Man has built in himself images as a fence of security, religious, political, personal. These manifest as symbols, ideas, beliefs. The burden of these images dominates man’s thinking, his relationships, and his daily life. These images are the causes of our problems for they divide man from man. His perception of life is shaped by the concepts already established in his mind. The content of his Consciousness is his entire existence. The individuality is the name, the form and superficial culture he acquires from tradition and environment. The uniqueness of man does not lie in the superficial but in complete freedom from the content of his Consciousness, which is common to all humanity. So he is not an individual.
Thought is time. Thought is born of experience and knowledge, which are inseparable from time and the past. Time is the psychological enemy of man. Our action is based on knowledge and therefore time, so man is always a slave to the past. Thought is ever limited and so we live in constant conflict and struggle. There is no psychological evolution. When man becomes aware of the movement of his own thoughts, he will see the division between the thinker and thought, the observer and the observed, the experiencer and the experience. He will discover that this division is an illusion. Then only is there pure observation which is insight without any shadow of the past or of time. This timeless insight brings about a deep, radical mutation in the mind.
Total negation is the essence of the positive. When there is negation of all those things that thought has brought about psychologically, only then is there Love, which is compassion and intelligence.
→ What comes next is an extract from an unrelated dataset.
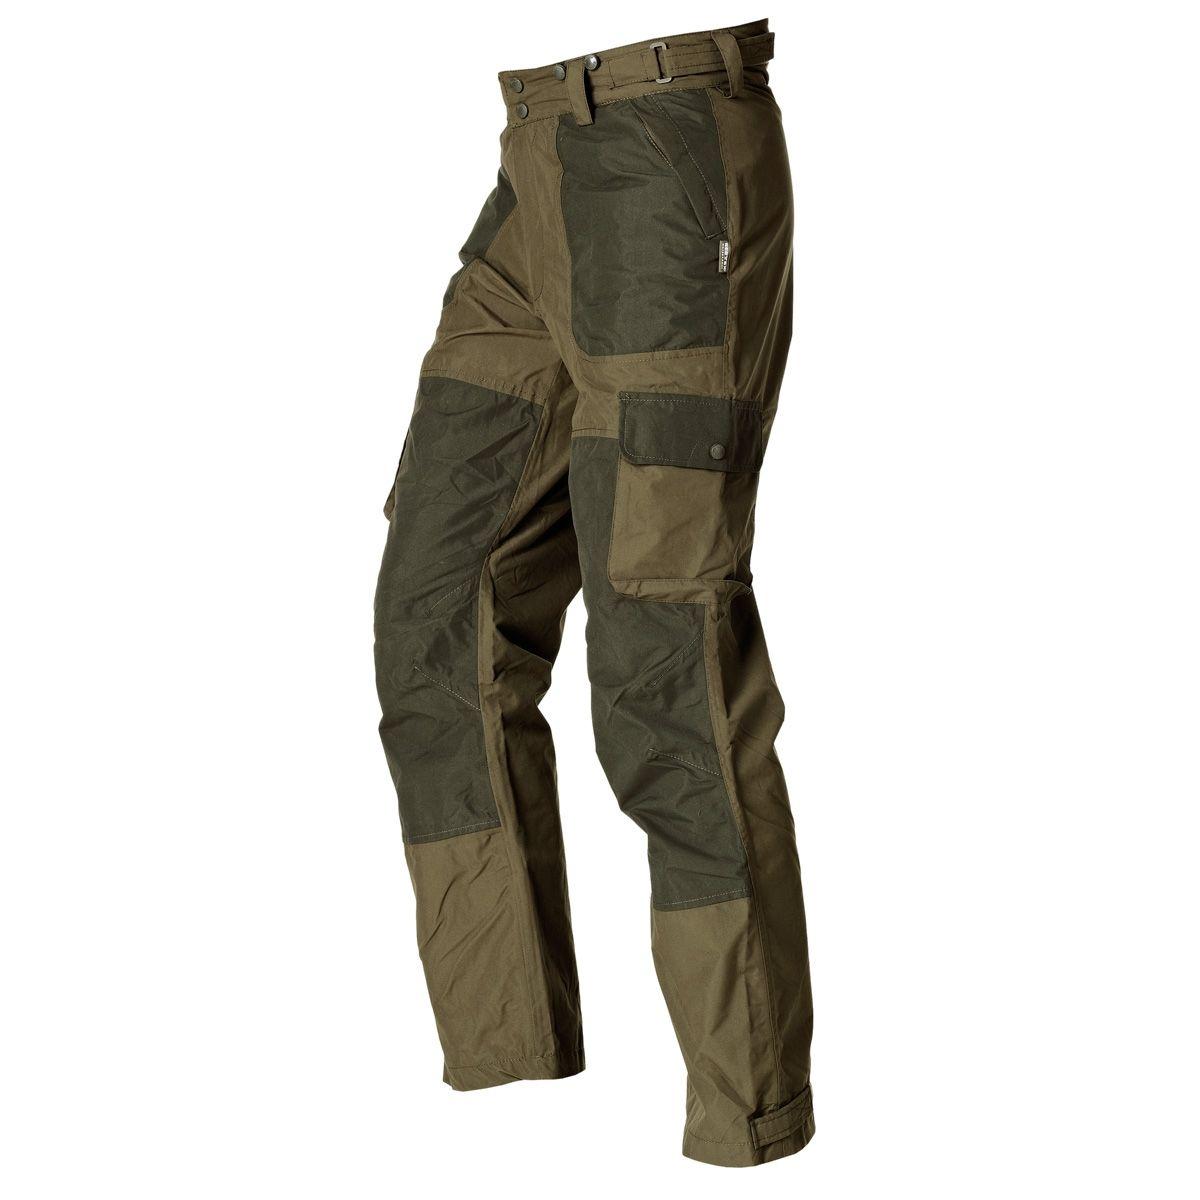 Seeland Lingfield Trousers - Green

Jiddu Krishnamurti was a philosopher, speaker and writer focused in a psychological revolution, the nature of mind, meditation, inquiry, Human relationships, and bringing about radical change in Society.
He constantly stressed the need for a revolution in the psyche of every Human being and emphasised that such revolution cannot be brought about by any external entity, be it religious, political, or social.
Krishnamurti said he had no allegiance to any nationality, caste, religion, or philosophy, and spent the rest of his life travelling the World, speaking to large and small groups and individuals.